X. Cross-Volume References & Anchors (This Chapter)

1. Cross-volume (fixed style): this volume Ch. 2 (metrology baseline), Ch. 3 (path/arrival/frequency), Ch. 4 (observation models); EFT.WP.Core.Metrology v1.0 Ch.1–3,5 (units/uncertainty); EFT.WP.Core.Equations v1.1 Ch.2 S20-* (two T_arr conventions and path/measure declarations).

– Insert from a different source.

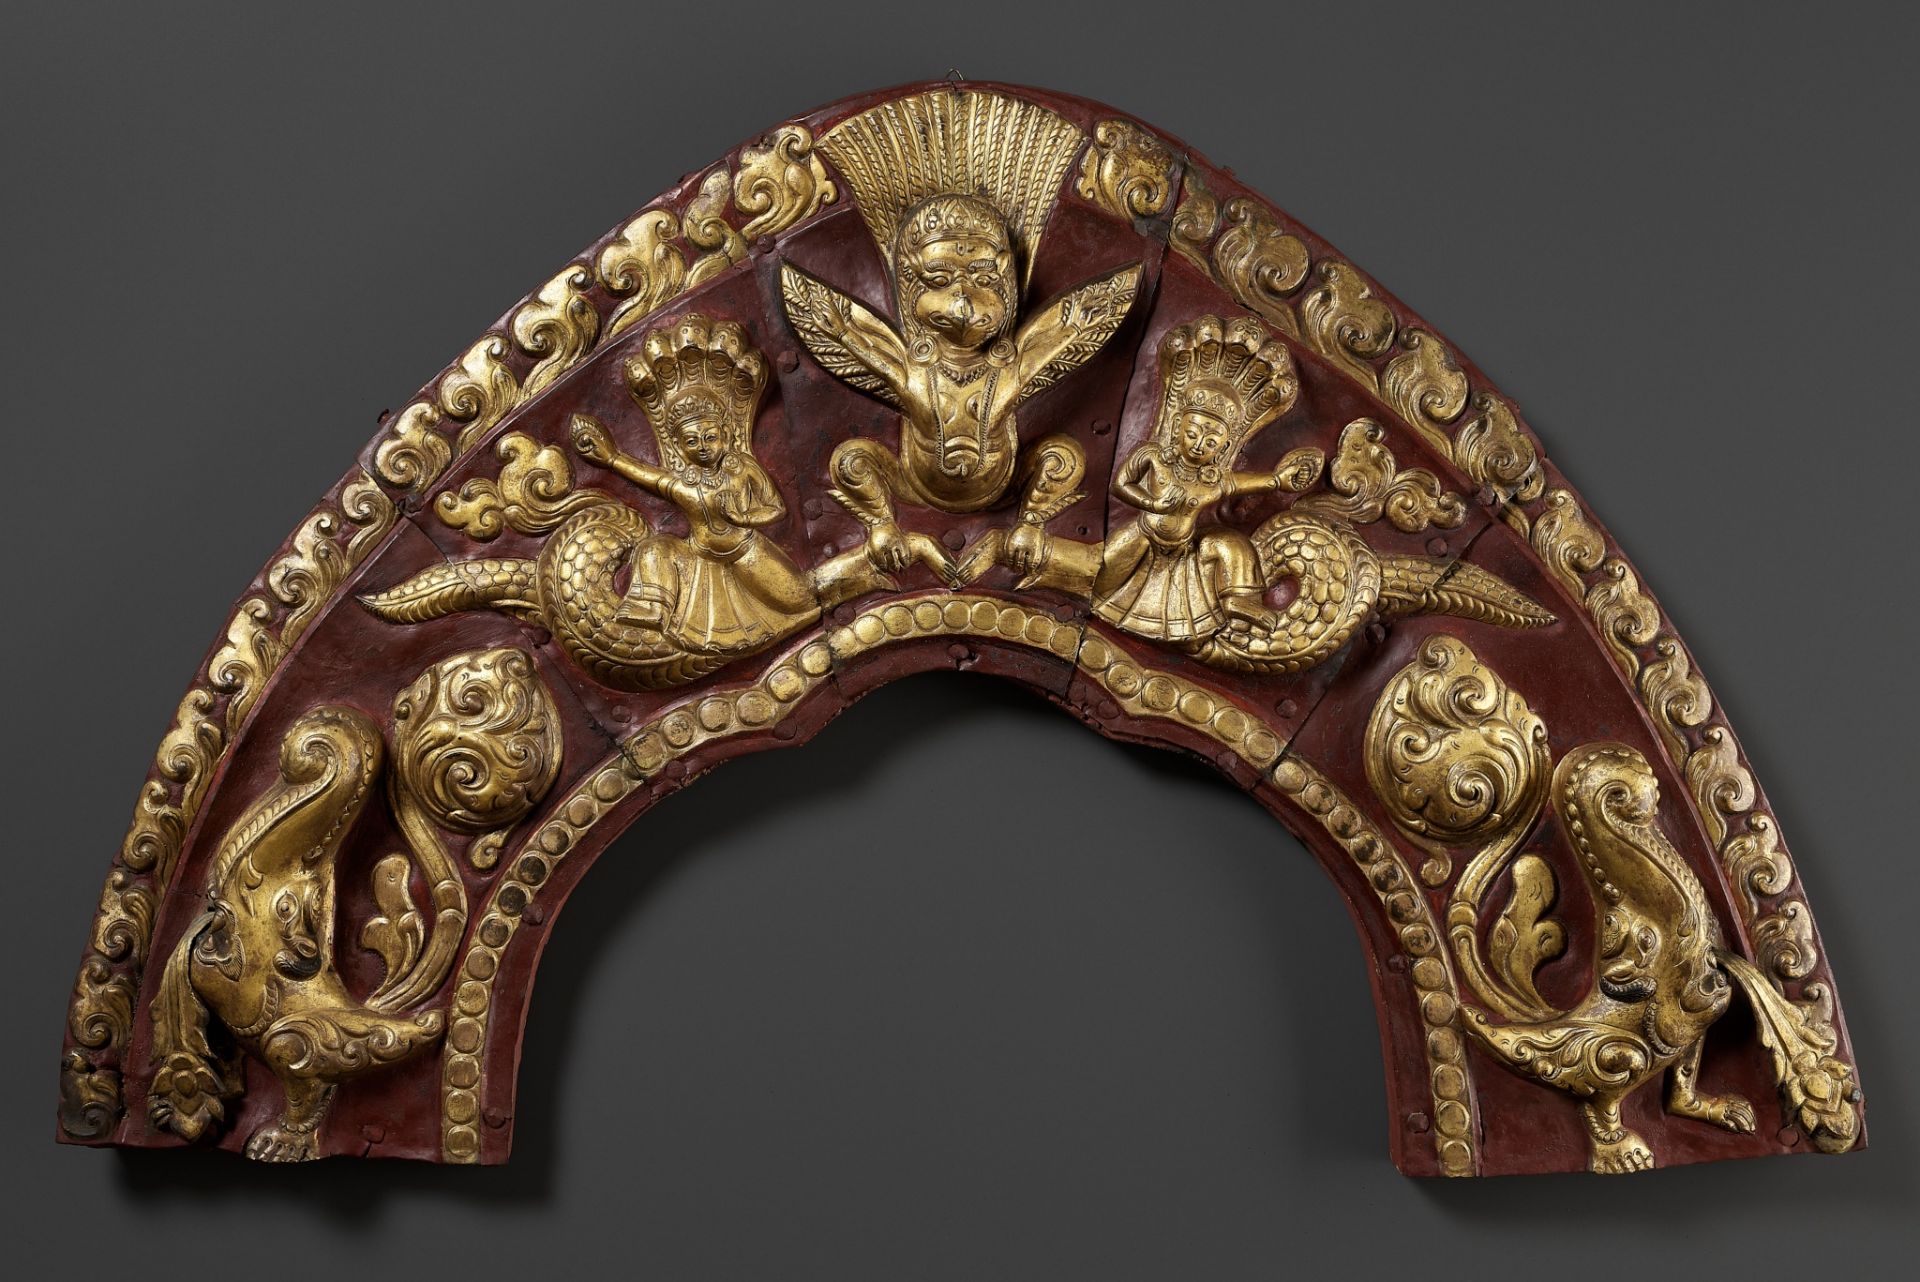 A LARGE GILT AND LACQUERED COPPER REPOUSSE TORANA, NEPAL, 17TH-18TH CENTURY

2. Anchors in this chapter:
   • Minimal statements: S60-1—S60-16
   • Workflows: M6-1—M6-3
   • Interfaces: I6-1—I6-5

XI. Summary
Starting from clock states and frequency stability, this chapter systematizes GNSS/network/PTP and UWB-TWR synchronization mechanisms and rigorously maps their errors into TOA/TDOA/FOA/CarrierPhase variances and covariance structure. With data contracts and interfaces, sync priors can be distributed, link asymmetry corrected, and Chapter 8 fusion and Chapter 10 measurement-matrix/design consume these inputs directly.